Em Uma Longa Viagem com Vasco Pulido Valente, publicado este ano, resultado das conversas que João Céu e Silva manteve com Pulido Valente entre outubro de 2018 e janeiro 2020, as afirmações do falecido cronista são ainda mais claras. A propósito do 25 de novembro, e do apoio de Mário Soares e do PS a alguns grupos militares – onde pontificava Eanes – que se mostravam contra o PCP e o rumo da revolução, o jornalista pergunta ao entrevistado se aquela atuação tinha sido a única forma de Soares se salvar entre a confusão do Verão Quente. A resposta desassombrada de Vasco Pulido Valente: “Com certeza. O PCP teria acabado por o matar se não tem havido o 25 de Novembro”. Na dúvida sobre se a morte era metafórica, o autor questiona: “De o matar politicamente?”. Resposta: “Não, de o matar fisicamente.” Para logo assegurar: “Tenho a certeza”. Por ser instrutivo – além de um prazer – sugiro a leitura.
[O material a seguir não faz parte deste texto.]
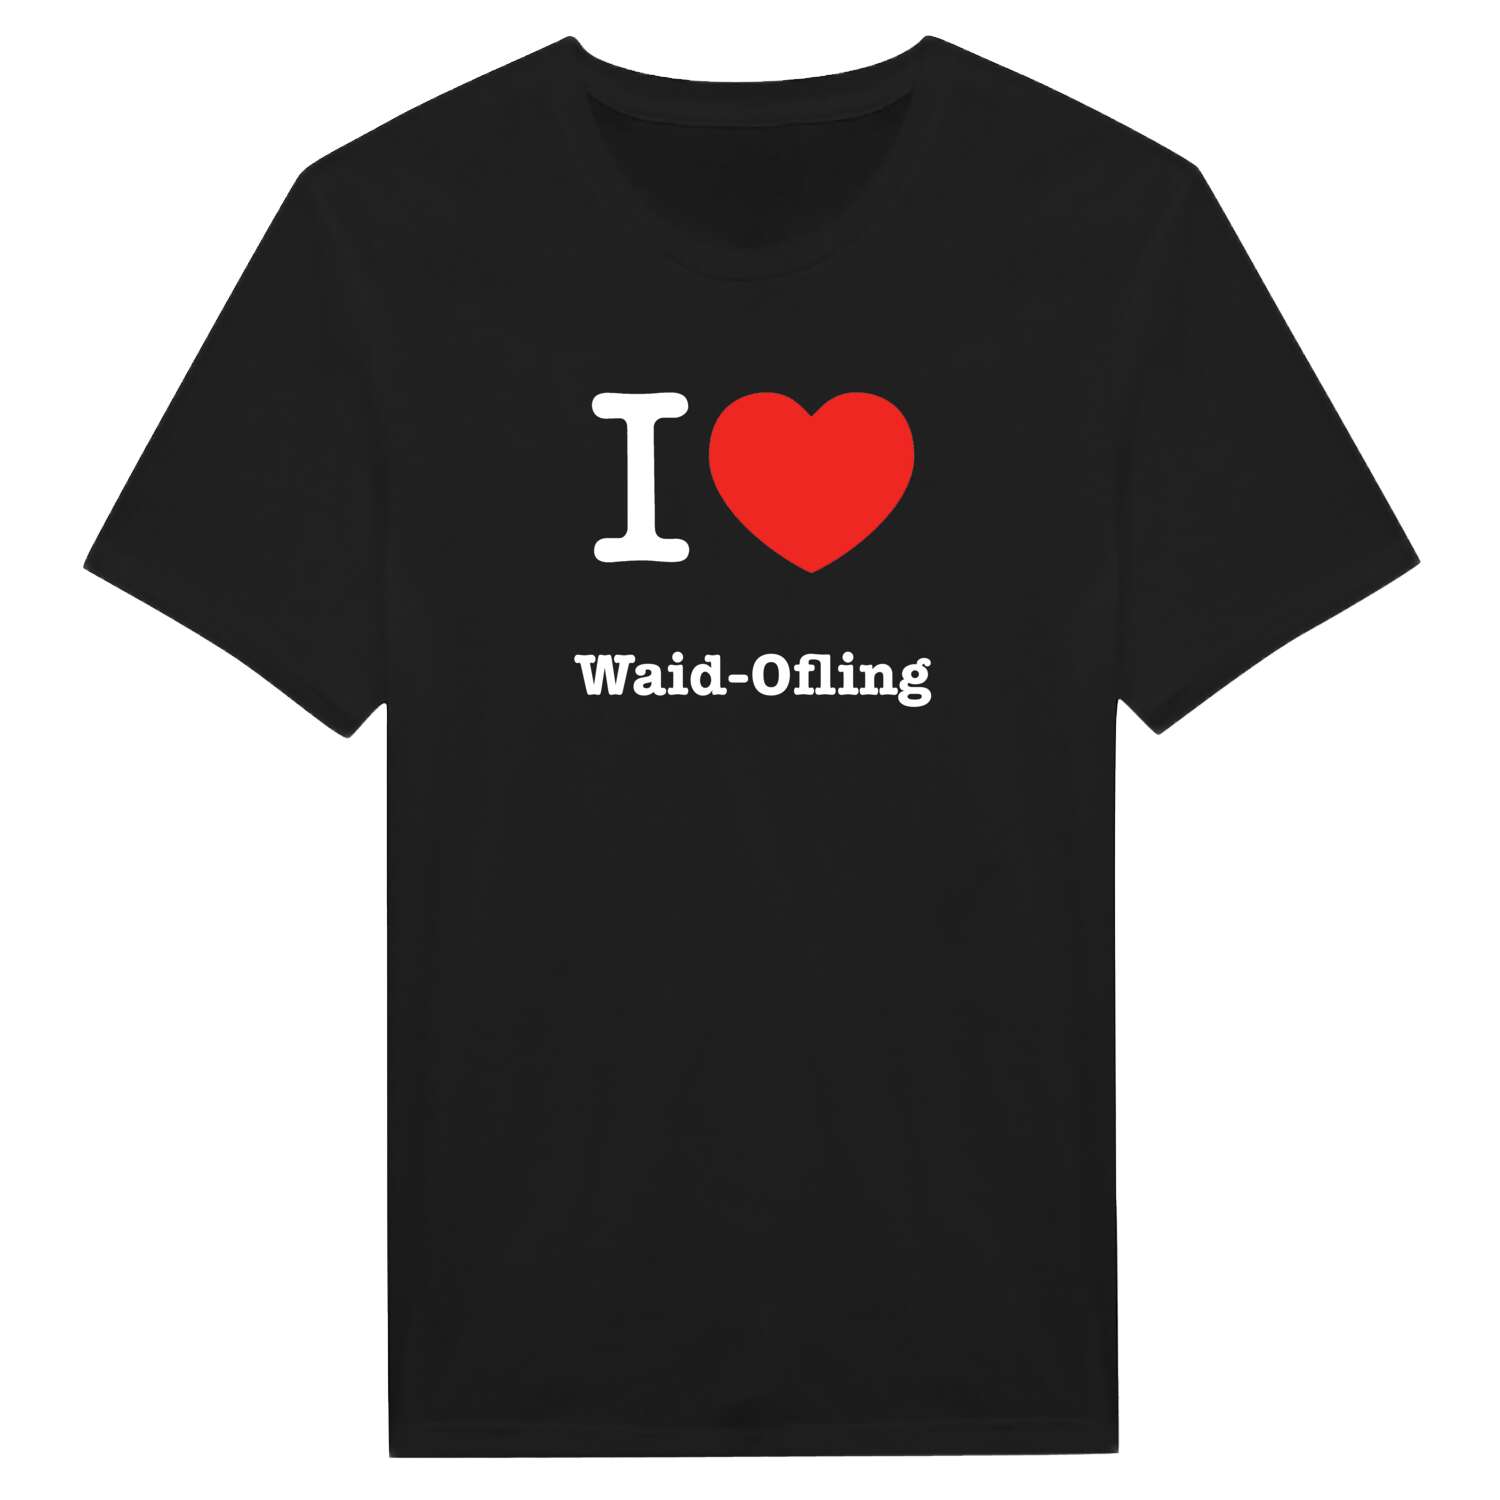 Waid-Ofling T-Shirt »I love«

O 25 de Novembro, a derrota nas eleições para a Constituinte e a aprovação de uma Constituição democrática, a subsequente consolidação de uma democracia liberal, eliminaram a ameaça que o PCP constituía. A queda do Muro de Berlim e o colapso da URSS tornou-o – se é que já não era – um anacronismo. Manteve-se como singularidade, controlando sindicatos e o barulho na rua. Reduzido a dígitos menores nas eleições, evitou ainda assim o destino dos seus congéneres europeus que se extinguiram, mudaram de nome, foram absorvidos por outras forças ou simplesmente não têm apoio suficiente para garantir representação parlamentar.
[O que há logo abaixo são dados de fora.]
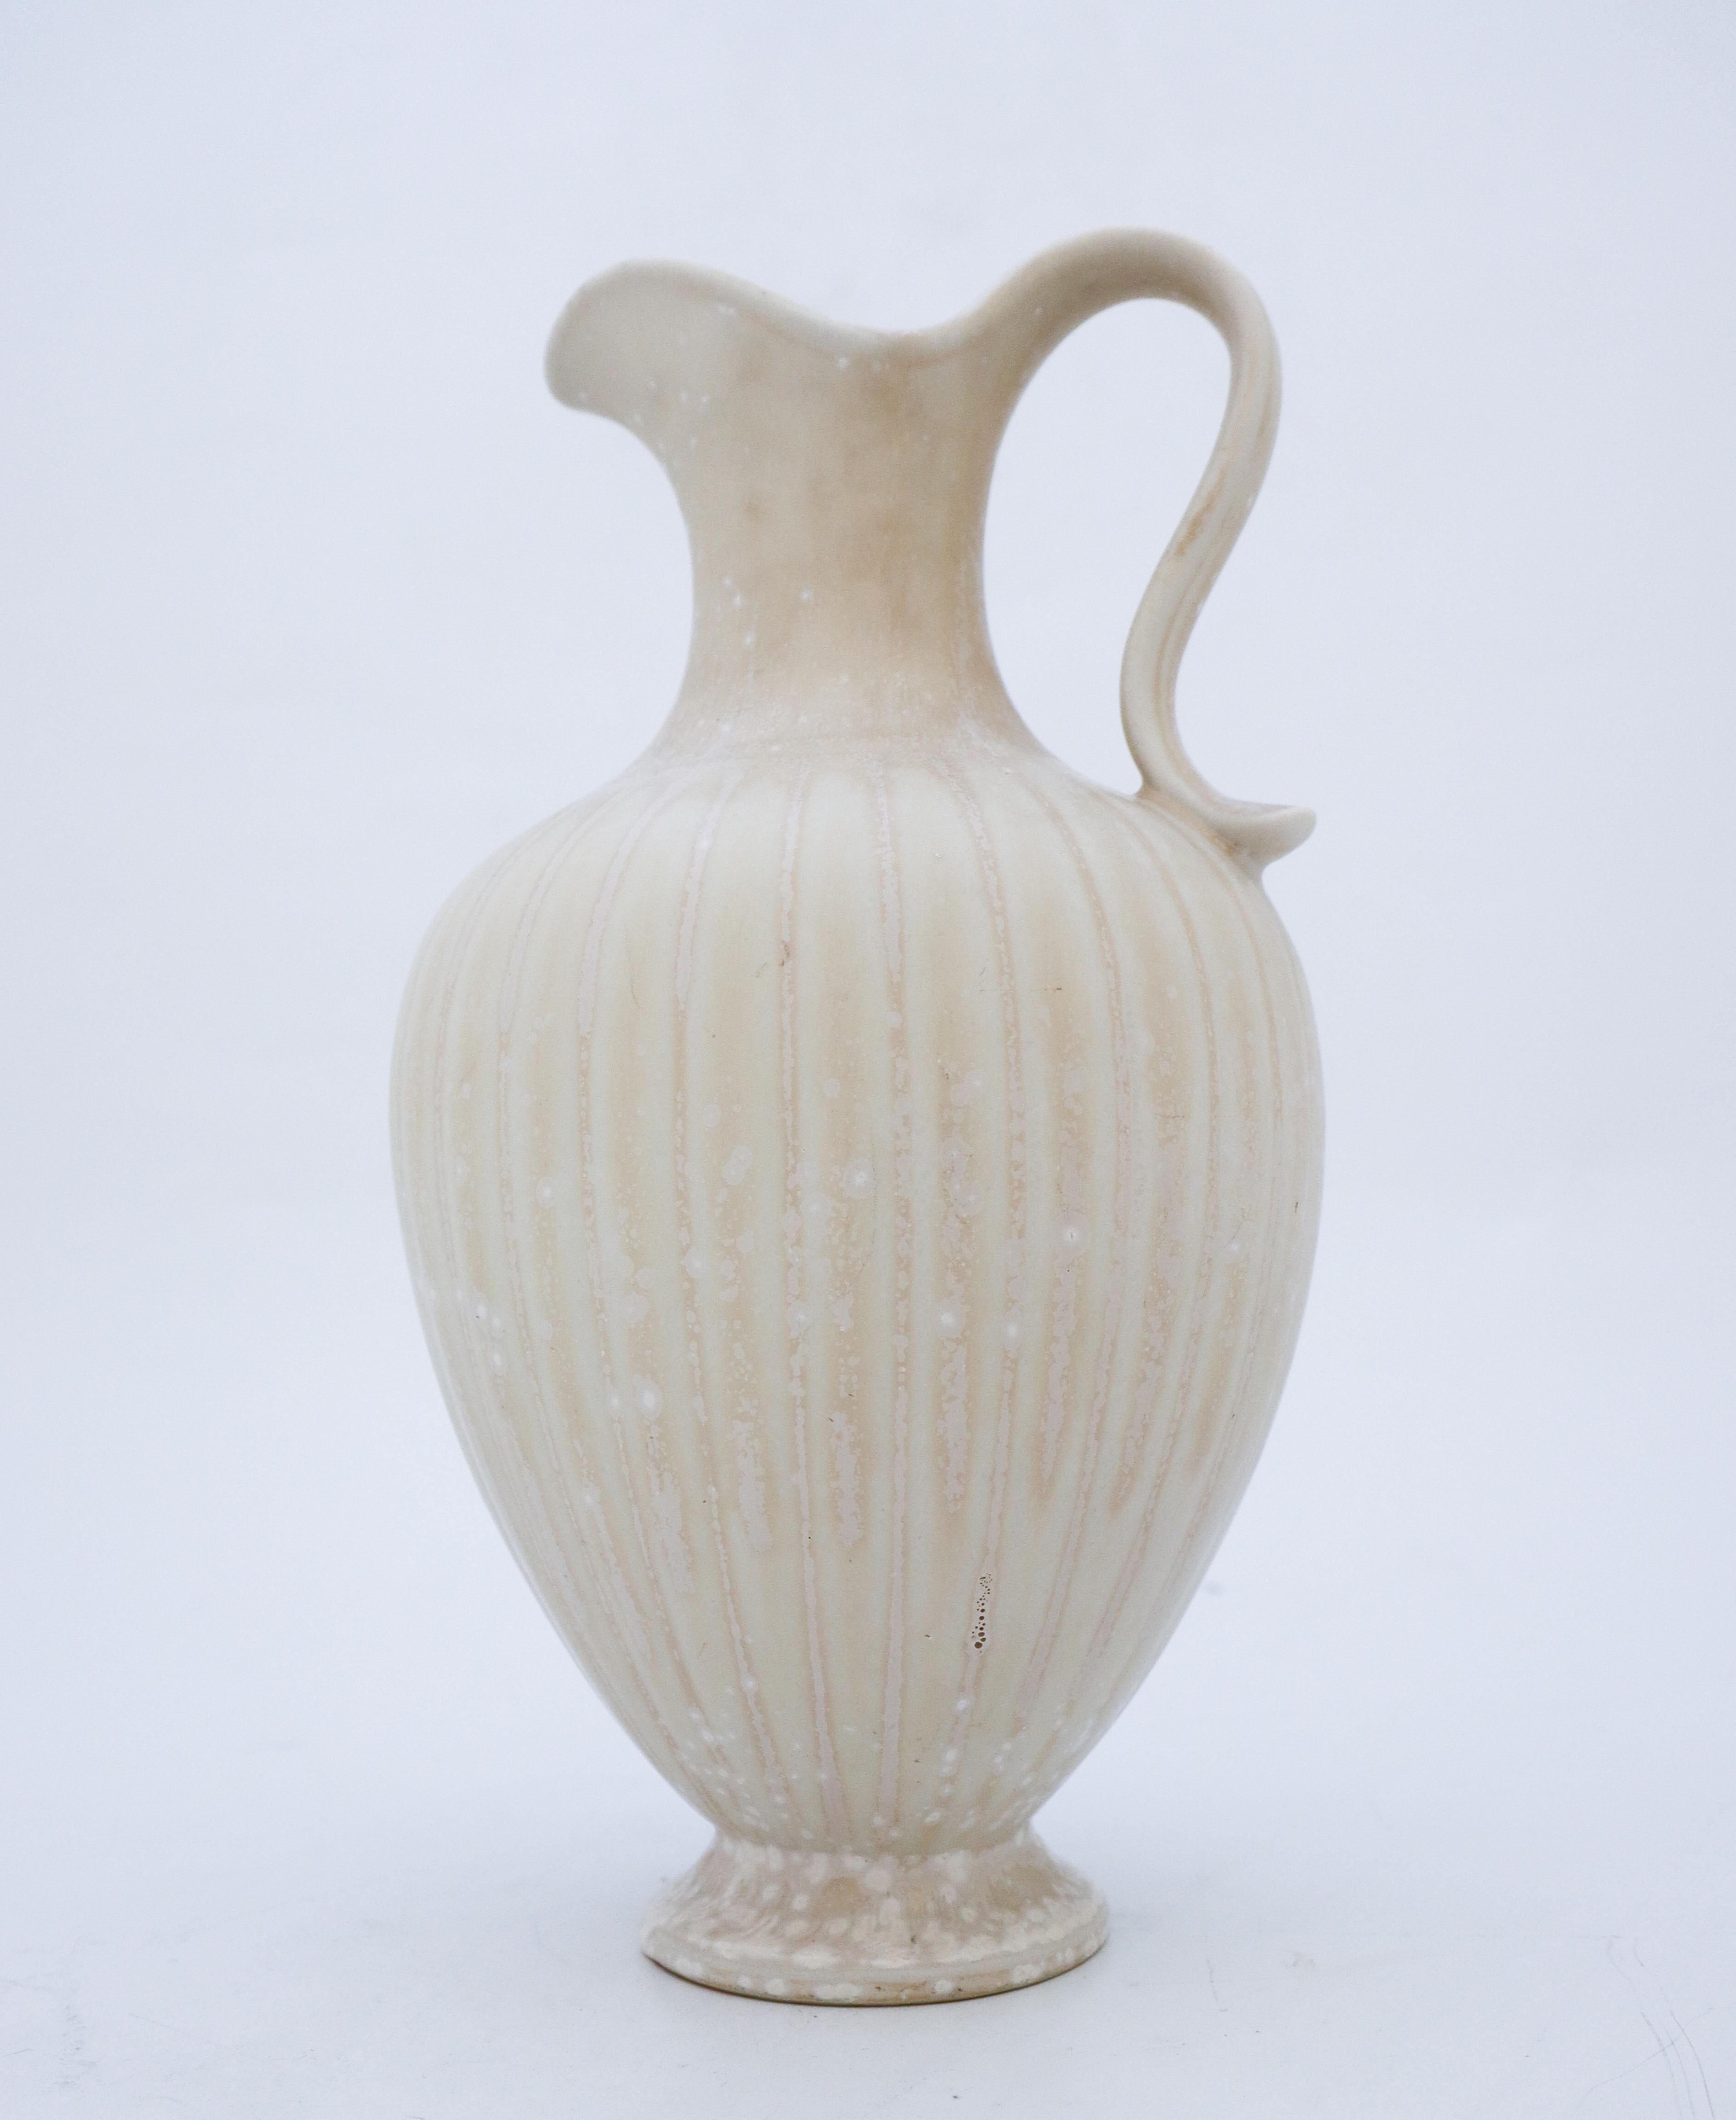 Un vase blanc moucheté conçu par Gunnar Nylund chez Rörstrand, le vase mesure 28,5 cm de haut et il est en très bon état à l'exception de quelques petites rayures. Le vase est marqué comme étant de 1ère qualité.

Um ar de ominosa irrealidade museológica percorreu o país quando no mês passado, por ocasião dos 100 anos da fundação do PCP, a foice e o martelo foram hasteadas em várias cidades. E, claro está, houve marchas de celebração entusiasmadas por “jovens” que com a sua ignorância e analfabetismo asseguram a vitalidade de um partido que já morreu. Lamentavelmente, as festividades não mereceram grande consternação pública.
Mas a pouco mais de uma semana do 25 de Abril, talvez valha a pena lembrar que a liberdade e a democracia – com todas as suas imperfeições – foram conquistadas também contra o PCP.
* Os jesuítas em Portugal assumem a gestão editorial do Ponto SJ, mas os textos de opinião vinculam apenas os seus autores.